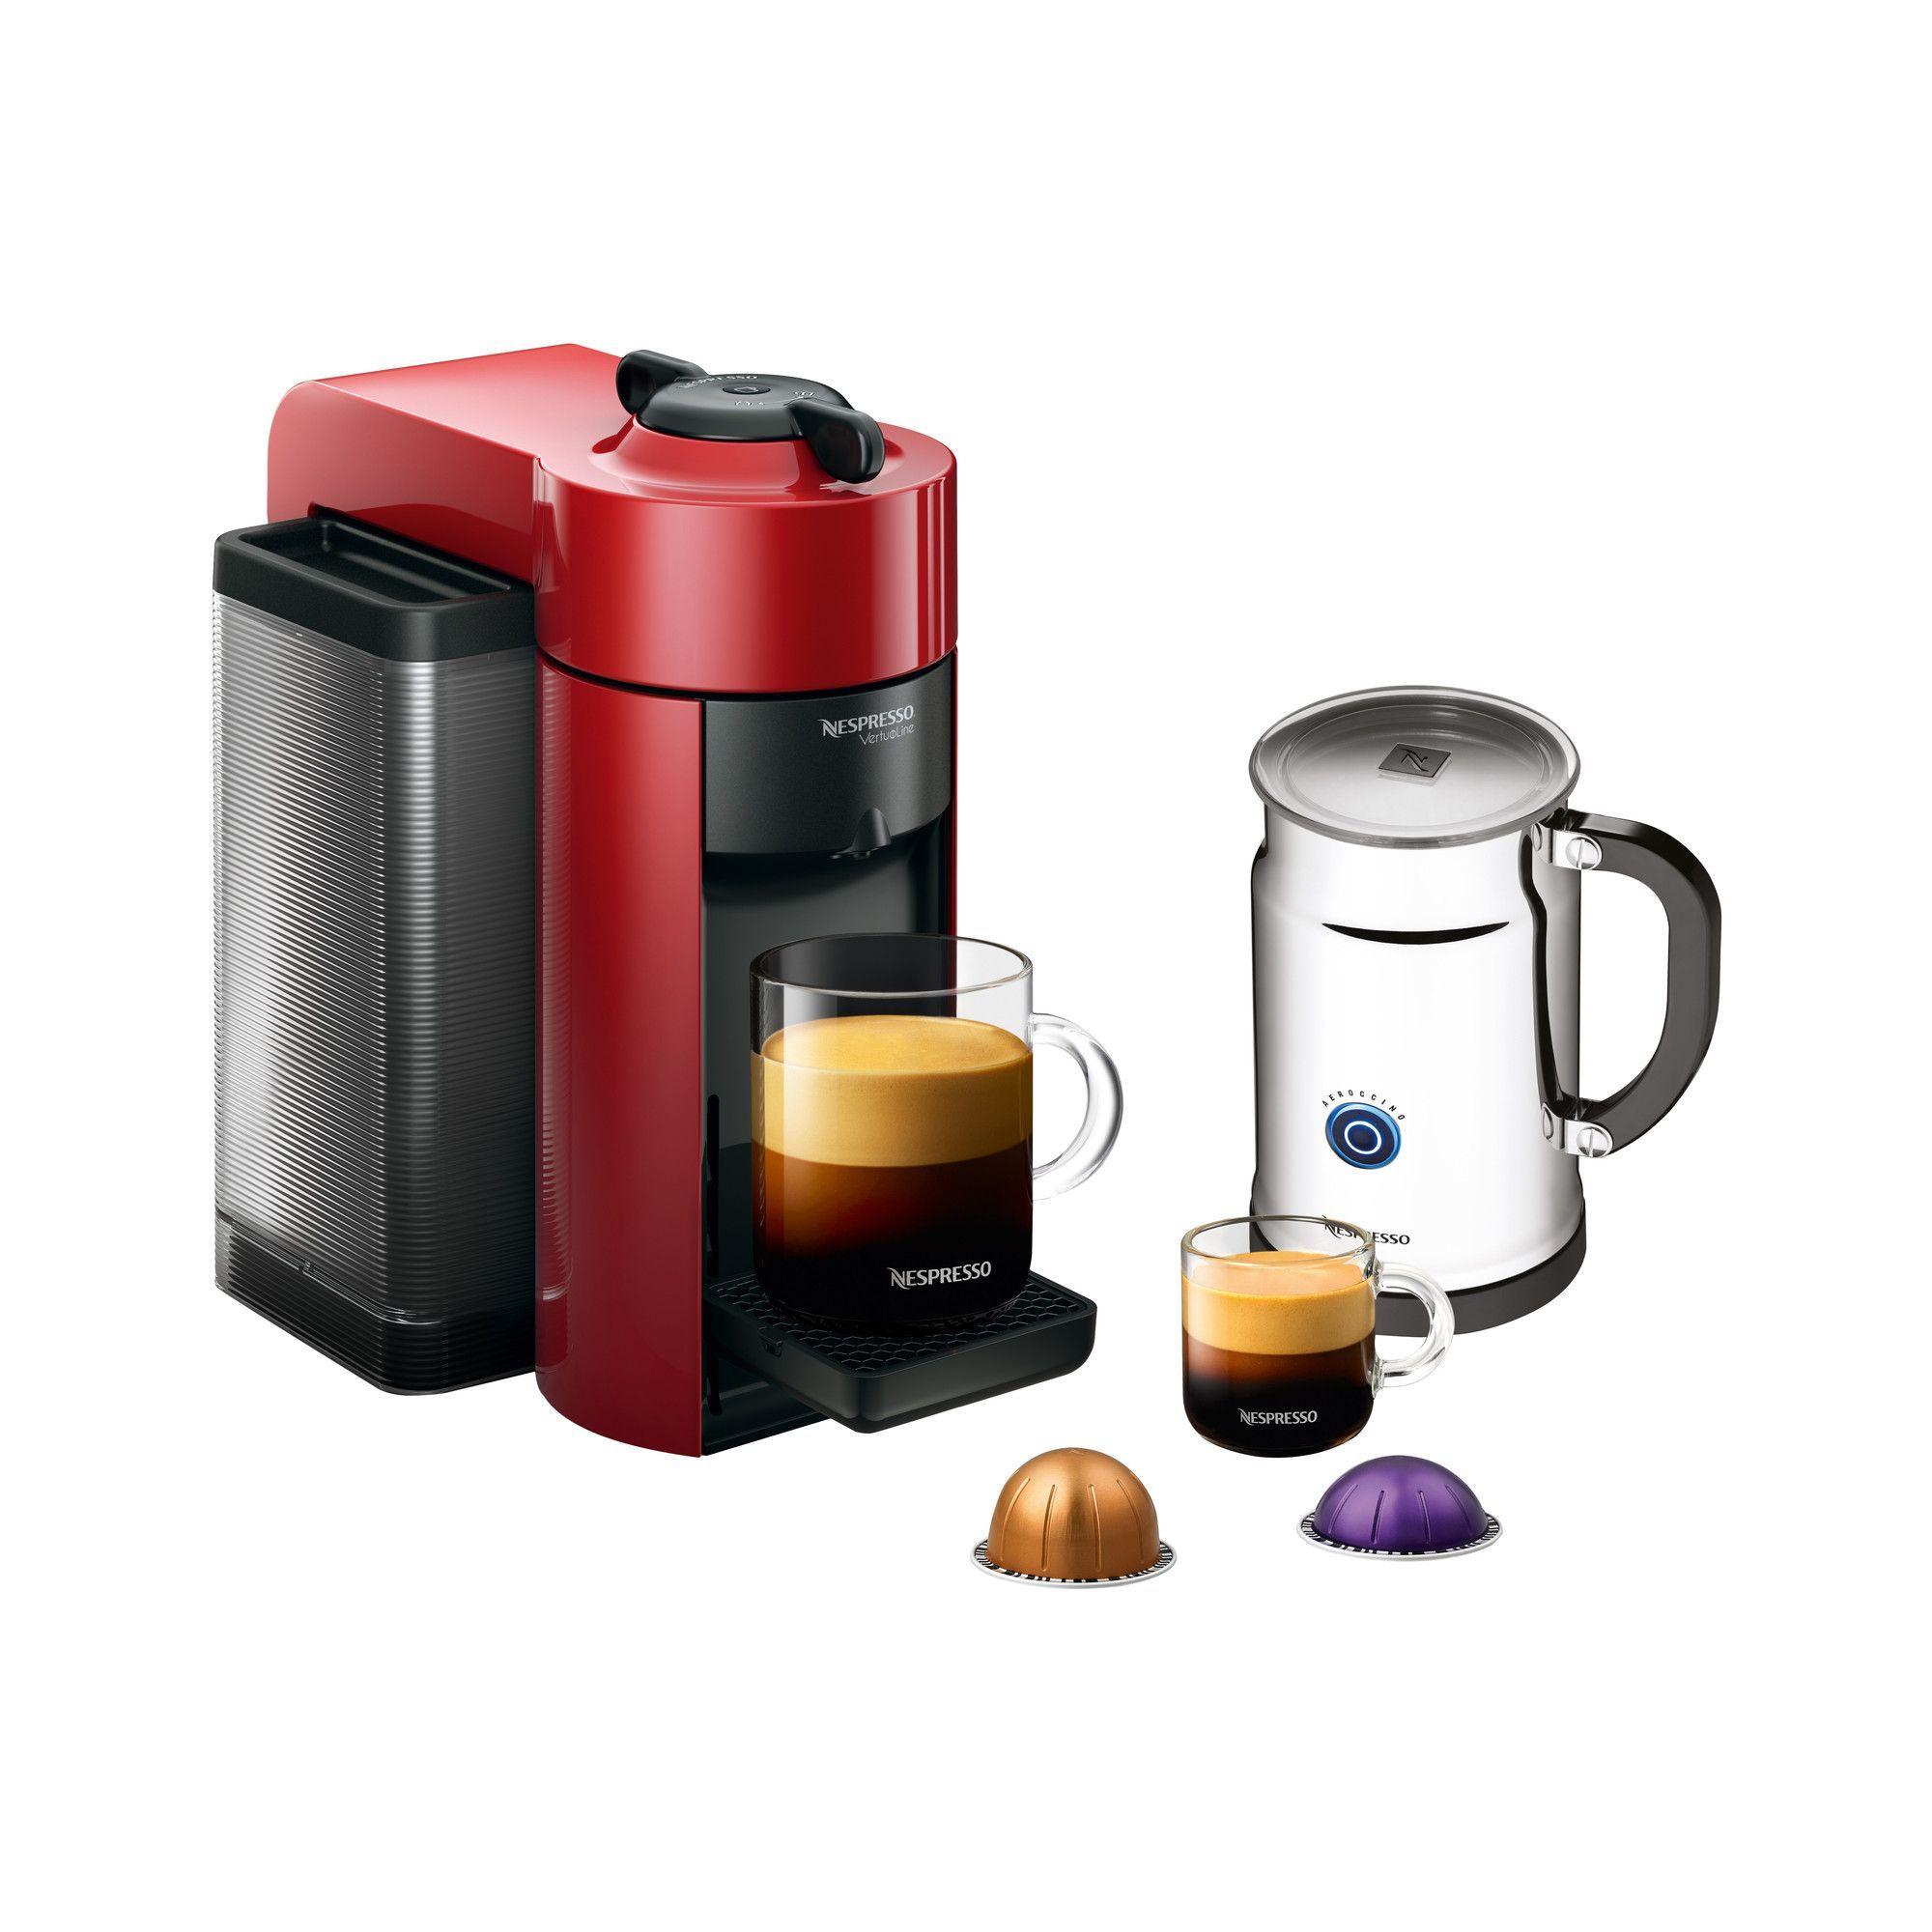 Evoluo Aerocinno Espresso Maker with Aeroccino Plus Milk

········

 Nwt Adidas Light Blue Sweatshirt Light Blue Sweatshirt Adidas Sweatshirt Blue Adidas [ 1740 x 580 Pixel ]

········

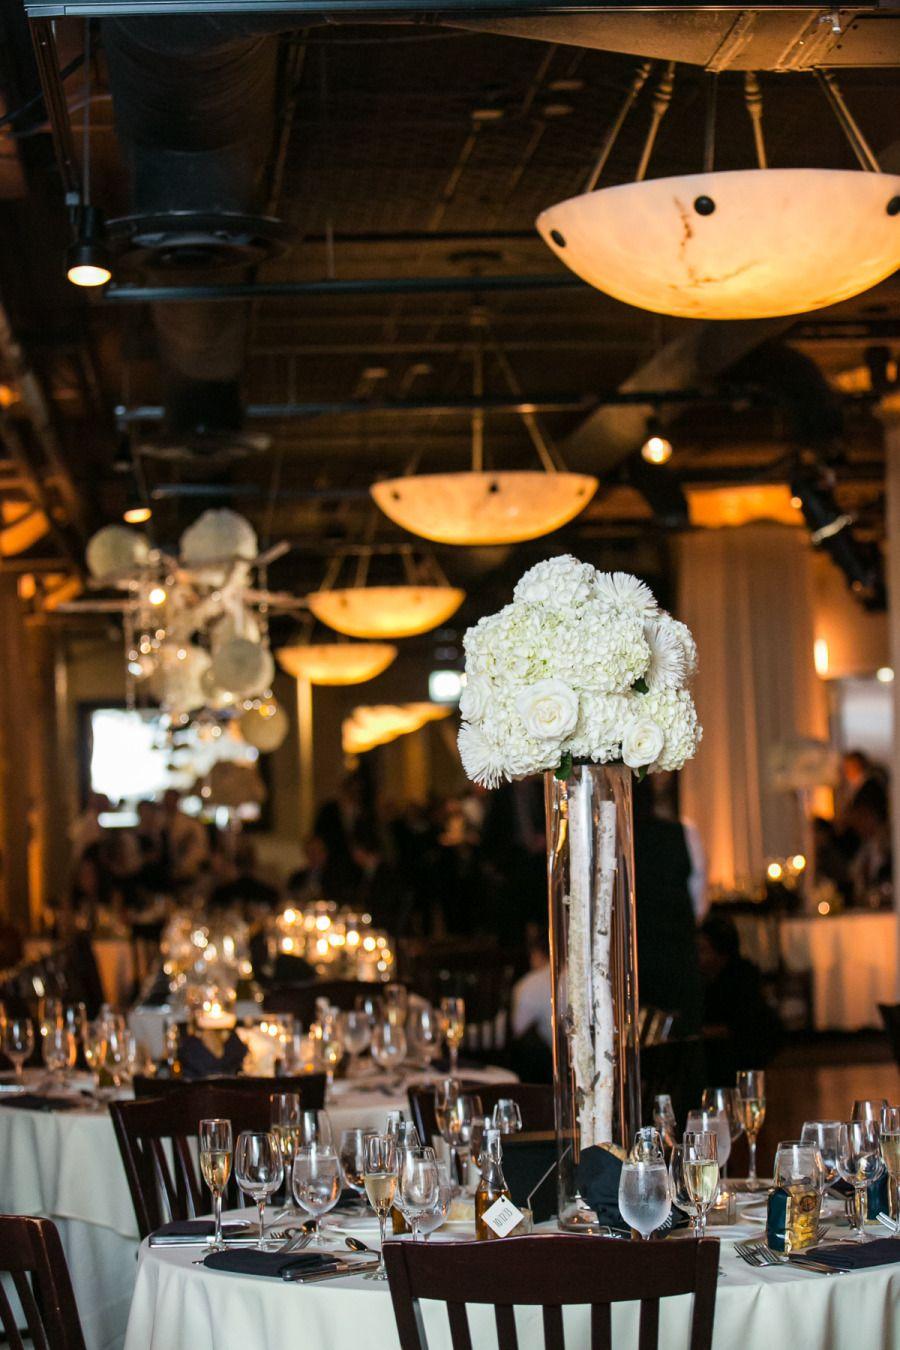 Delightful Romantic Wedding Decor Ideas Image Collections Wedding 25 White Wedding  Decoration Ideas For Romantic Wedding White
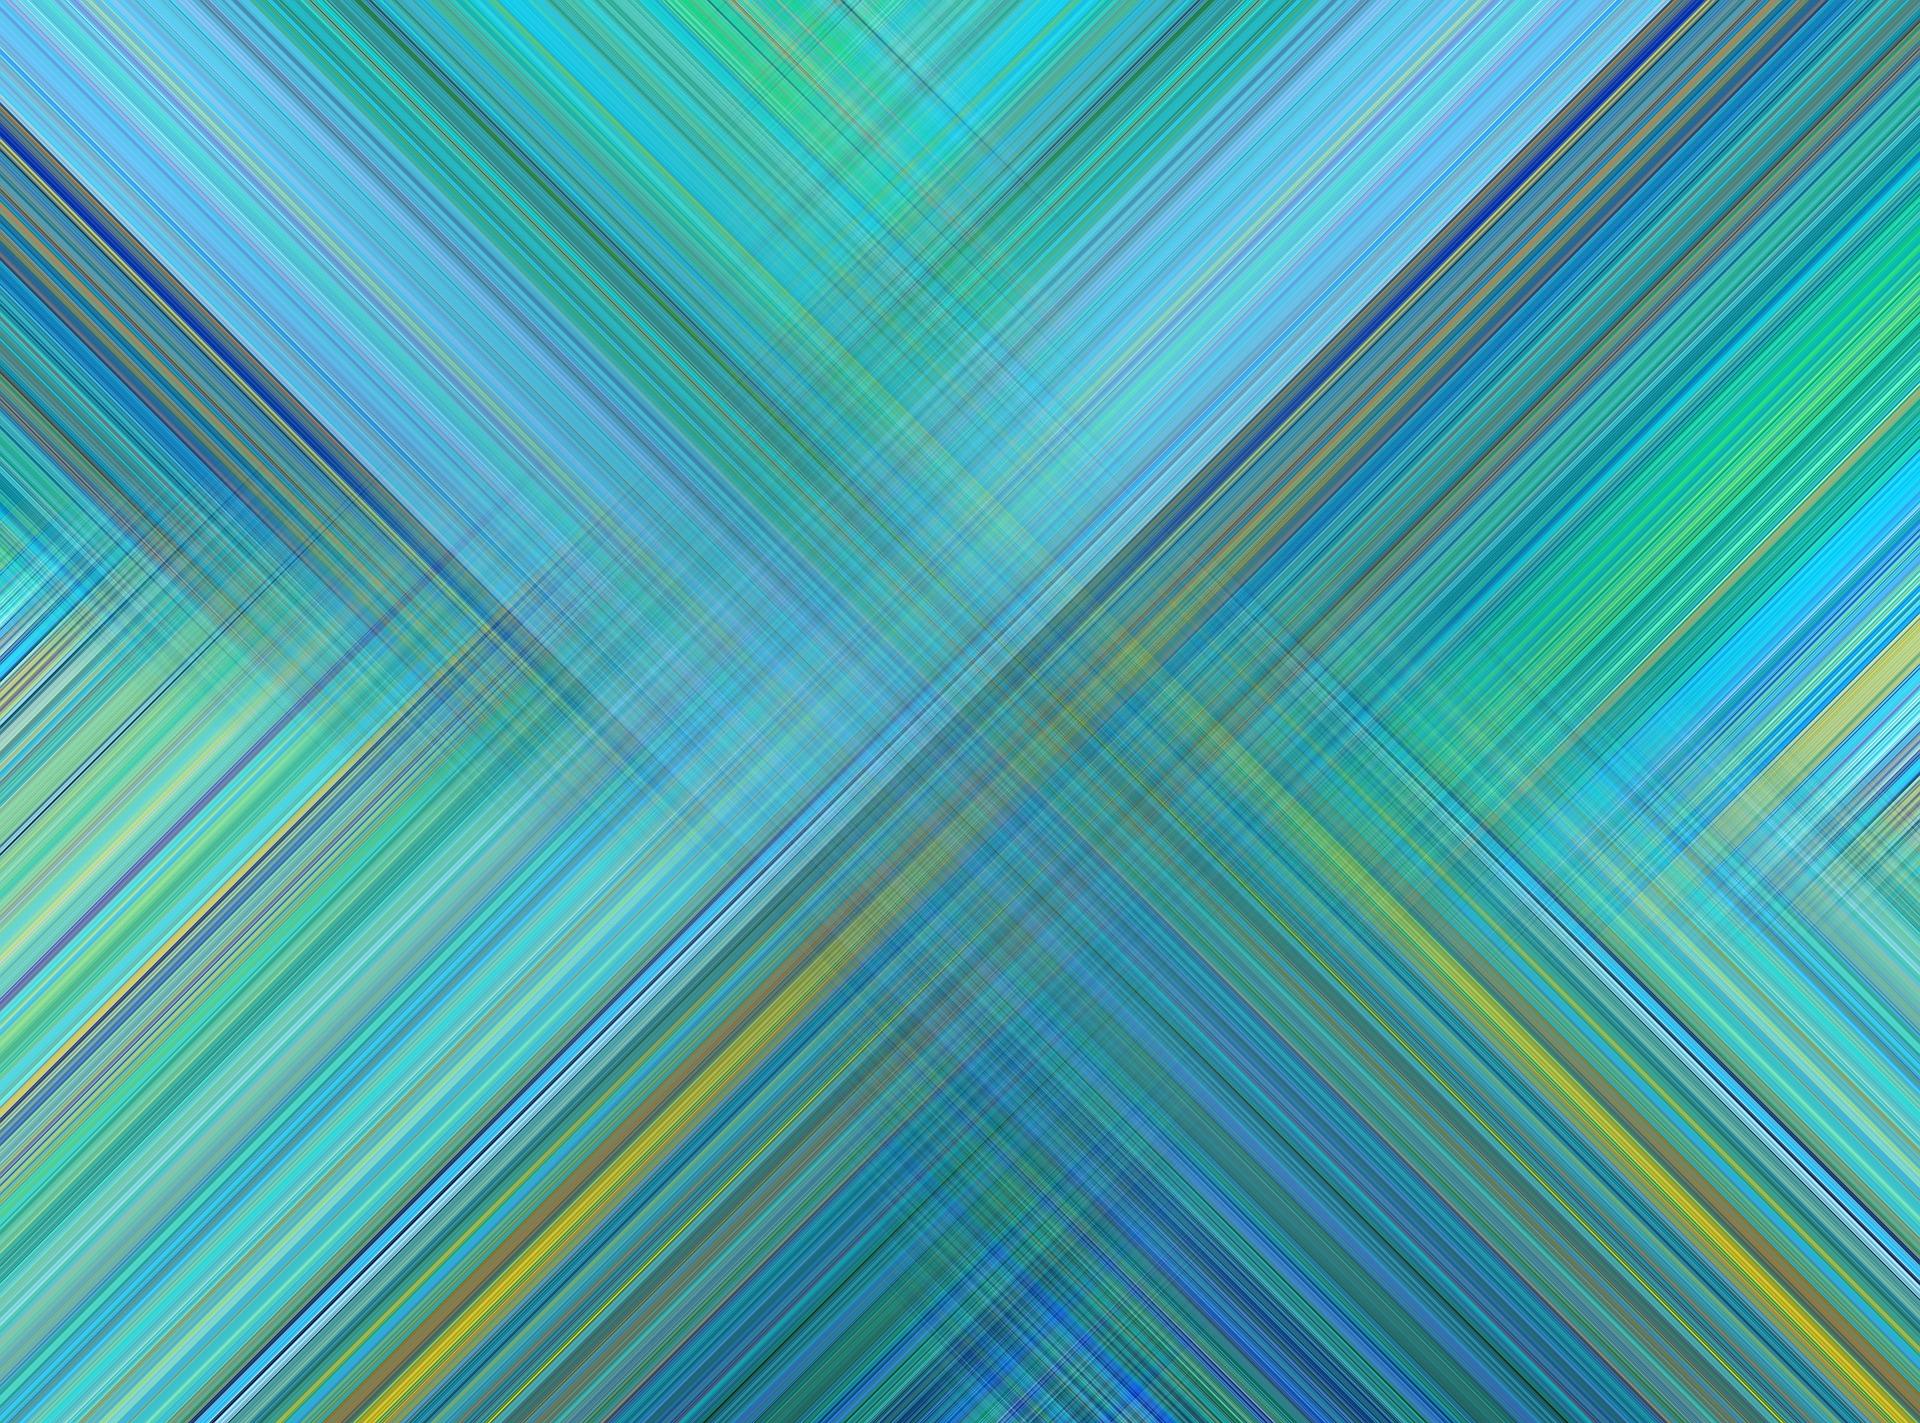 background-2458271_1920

········

### Exercise goal
Exact copy, no pictures. Write out the lines in the entries above, starting with the line with "Delightful Romantic Wedding" and going on through the line with "background-2458271_1920", keeping both.

### Task answer
 Delightful Romantic Wedding Decor Ideas Image Collections Wedding 25 White Wedding  Decoration Ideas For Romantic Wedding White
 background-2458271_1920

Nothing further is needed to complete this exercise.